Of course, the idea seemed brilliant in my head, but when it came time to actually get down to painting, I started to get nervous. I’d painted stripes before, but only in the context of painting one color of stripe over an existing color. Painting five different colored stripes…this was a different kind of challenge. My husband and I sat down and hashed out our different ideas for how to best tackle the project in search of a plan that would ensure the crispest lines with the least amount of measuring and taping. Finally we agreed on a plan – and I am proud to say that while it was time consuming, it was very manageable and the results were exactly what we had hoped for.
Here’s my tutorial on painting ombre stripes…
(1) Assembling all the Necessary Tools:
- Paint: Based on the size of our room, we determined we would need between one and two quarts of each of our five colors – so we bought two quarts of each to ensure that we wouldn’t run out mid-project and would have touch up paint for the future. We chose an eggshell finish, as it’s easier to clean than a flat paint, but shows fewer flaws and is generally more attractive than a gloss or semi-gloss paint.
- Paint Rollers: Extendable rollers are a must for us short people (the ones we have are called Twist and Reach). The Purdy brand roller covers are more expensive than others, but I’ve done enough wall painting to know that a good quality roller can make all the difference, and these have been working well for me.
- Painters Tape: We’ve always used 3M Blue Painters Tape and and we’ve always gotten good results.
- Faux Glaze: This is the key to achieving crisp lines with little or no touch up required. We use the Behr brand of faux glaze. After taping, apply a liberal amount of faux glaze with a brush, half on the tape and half on the wall. The glaze creates a seal so that no paint will bleed under the tape, and if any glaze bleeds under the tape it dries clear and is unnoticeable. Note that this is also a good way to seal along the ceiling and at the baseboards – not just when painting stripes.
- Level, Laser Level and Yardstick: We used all three of these in combination to ensure our lines were straight and our stripes evenly spaced. The laser level we own is a Strait-Line brand from Home Depot – it works great and is light weight enough to be temporarily mounted to the wall with a 3M command strip allowing for hands free use. Rather than using the yardstick we already owned, we bought a new one for about $1 at Home Depot and cut it down to the exact measurement of our stripes. More about that as we move along.
(2) Measuring, Taping and Painting Stripes 2 and 4
We measured the total height of the wall and divided by five to determine that each stripe should be 181/8” wide, then we cut down our yardstick to exactly that measurement.

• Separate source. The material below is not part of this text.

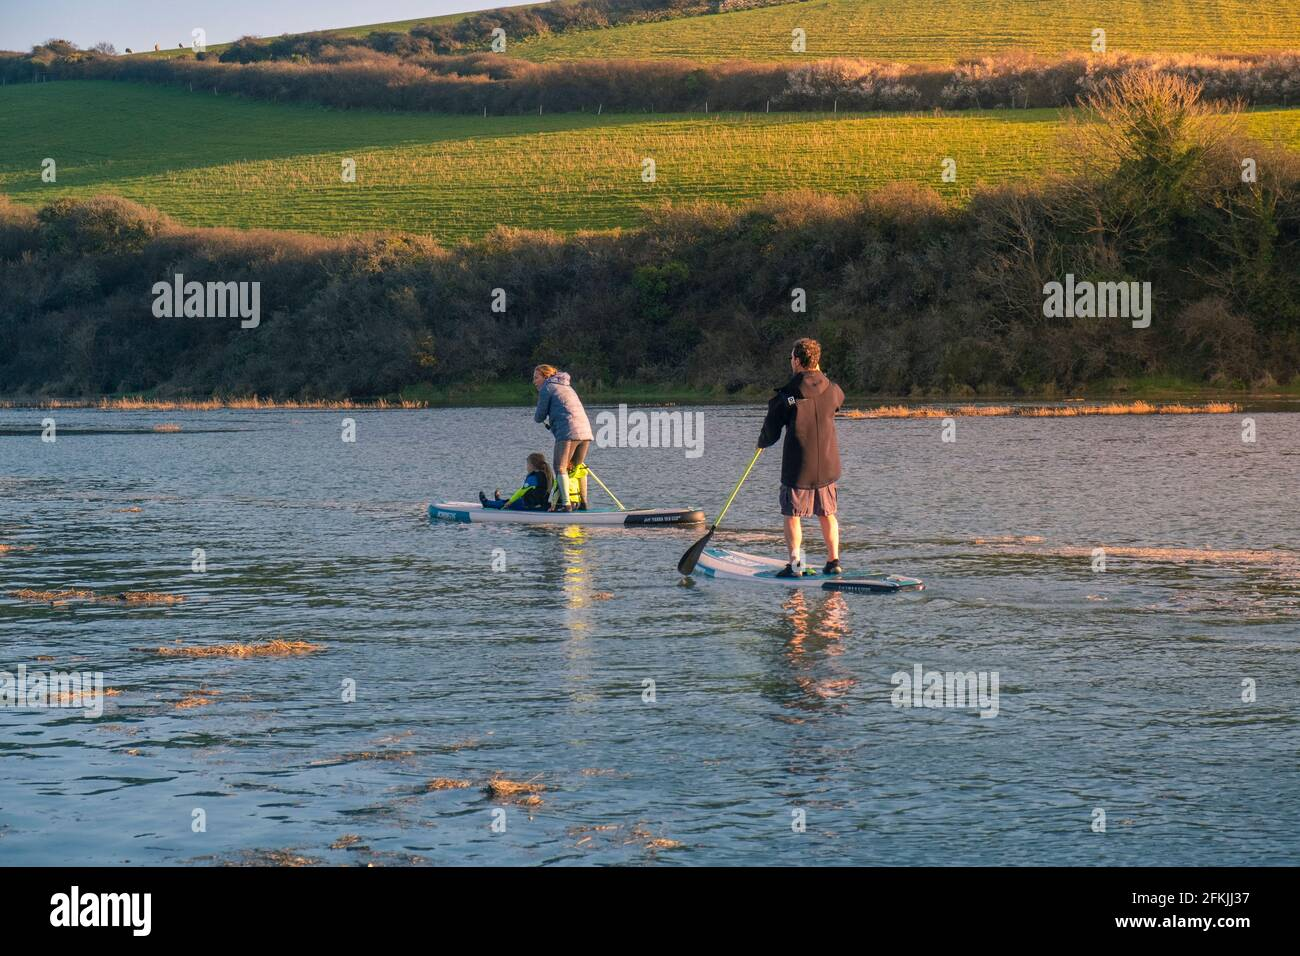 Una familia de turistas que se divierten remando sus tablas de paddleboard de pie en marea alta en el río Gannel en Newquay en Cornwall. Foto de stock
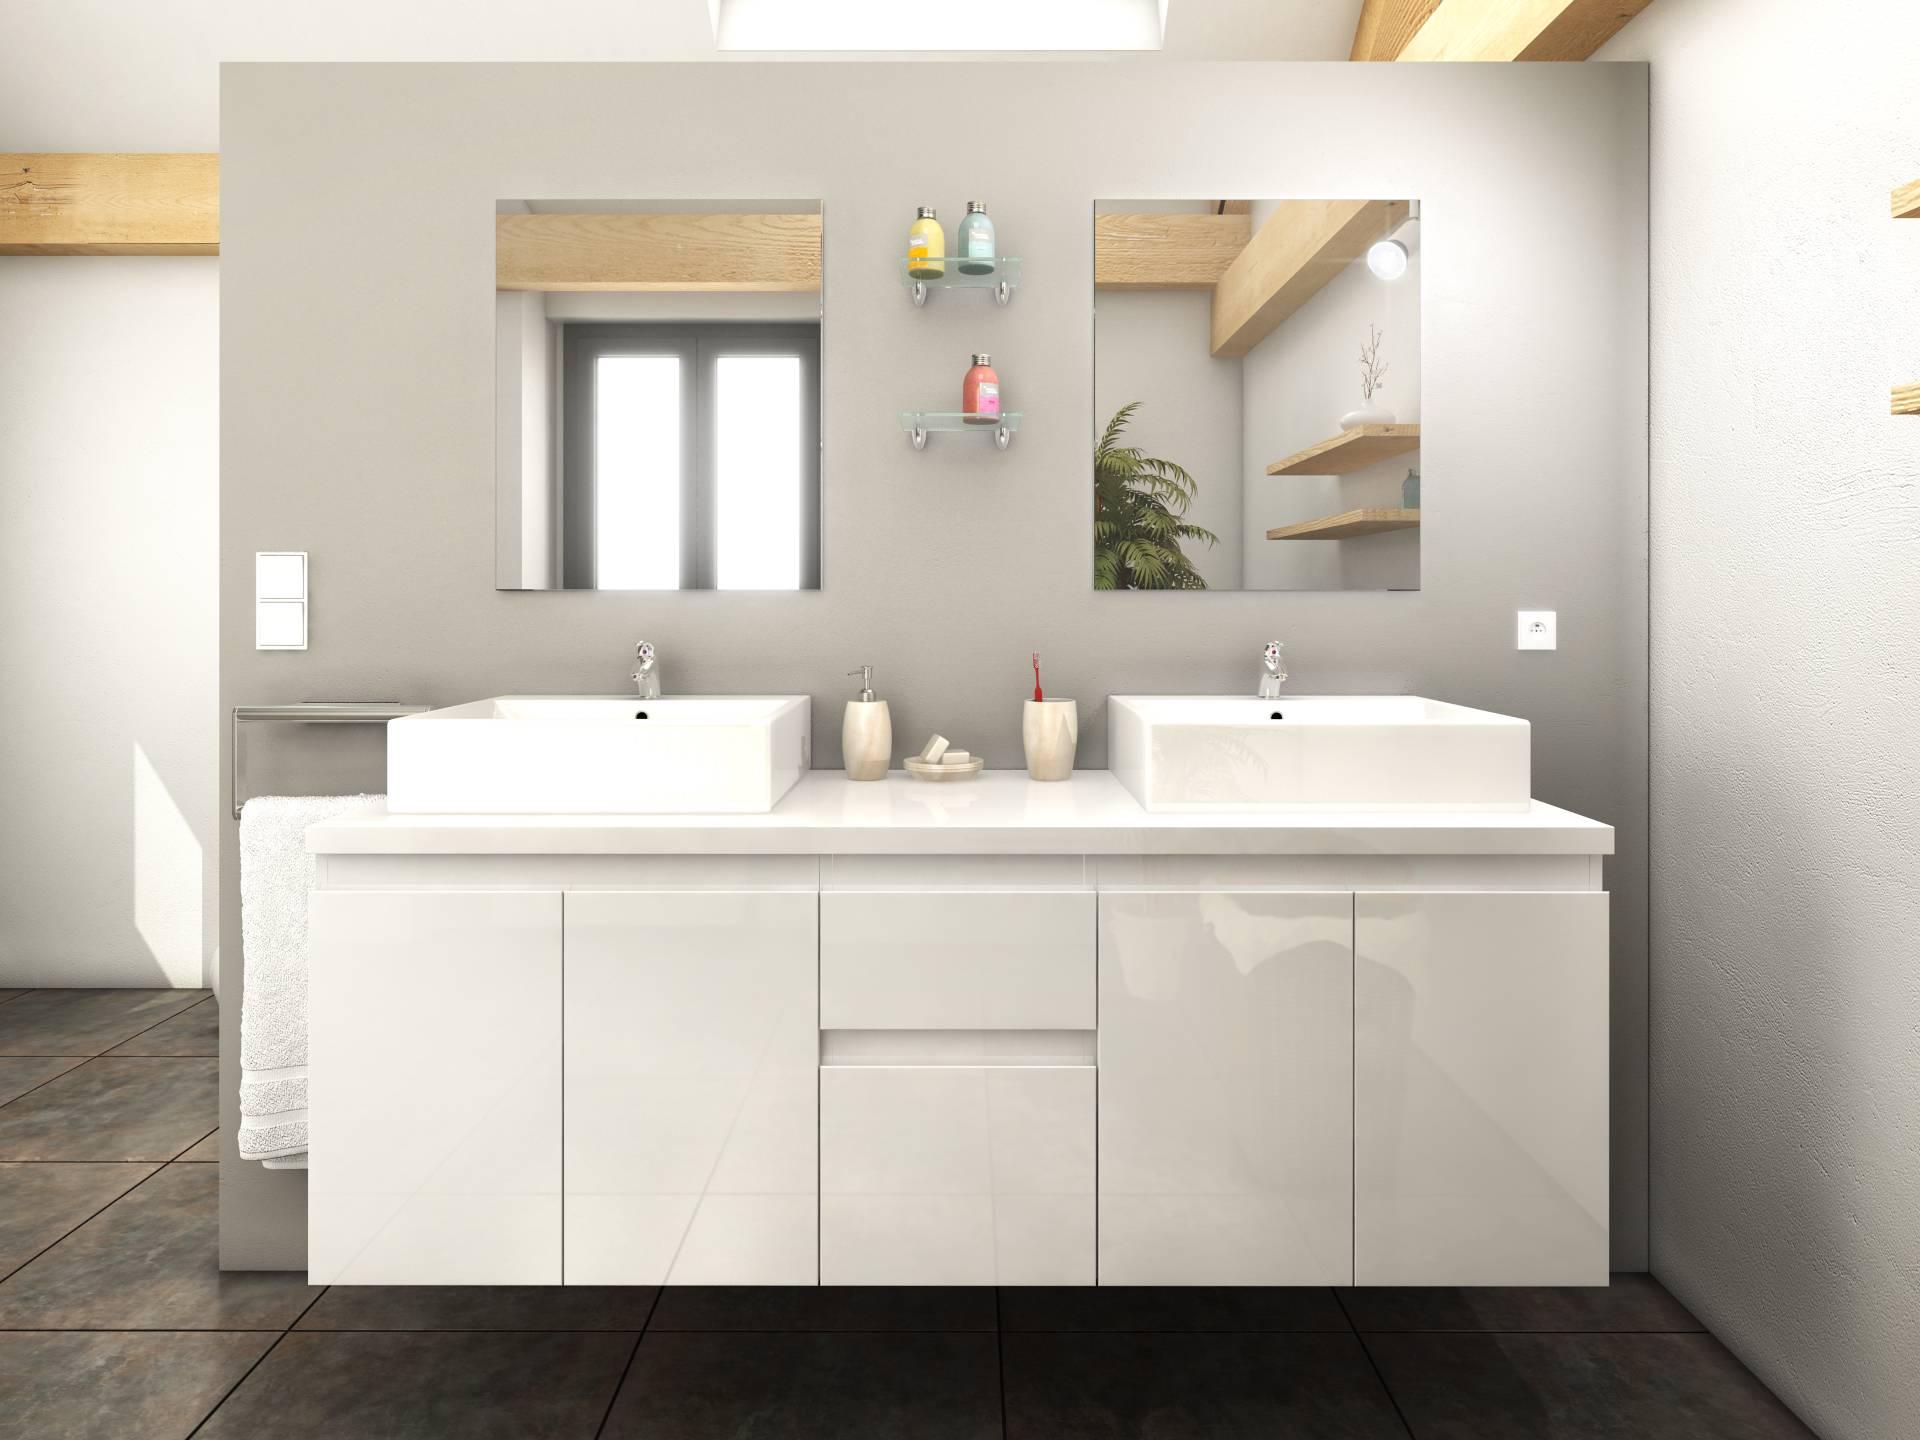 5 nouveau meuble vasque blanc image 2018 hyt4 meuble de for Meuble salle de bain conforama blanc

With the approximate measuring and taping completed, the walls looked like this:
Tip 1 – Selecting Colors: It’s easiest to pick your paint colors all from one paint strip. While it can be tempting to pick your dark, mid and light colors from different strips – this can be a risky move. The colors may look like they blend well together based on small paint samples, but when painted on the walls in large quantities, you run the risk that the different undertones of the colors may clash – especially as the light in the room changes throughout the day. At the other end of the spectrum, don’t try to create your own paint shades by starting with one dark color and adding white to create the lighter shades. Unless you are painting a small accent space, you not only chance running out and having to mix more (in which case you’ll never get a perfect match), it will also create major headaches if and when you need to touch up the paint in the future.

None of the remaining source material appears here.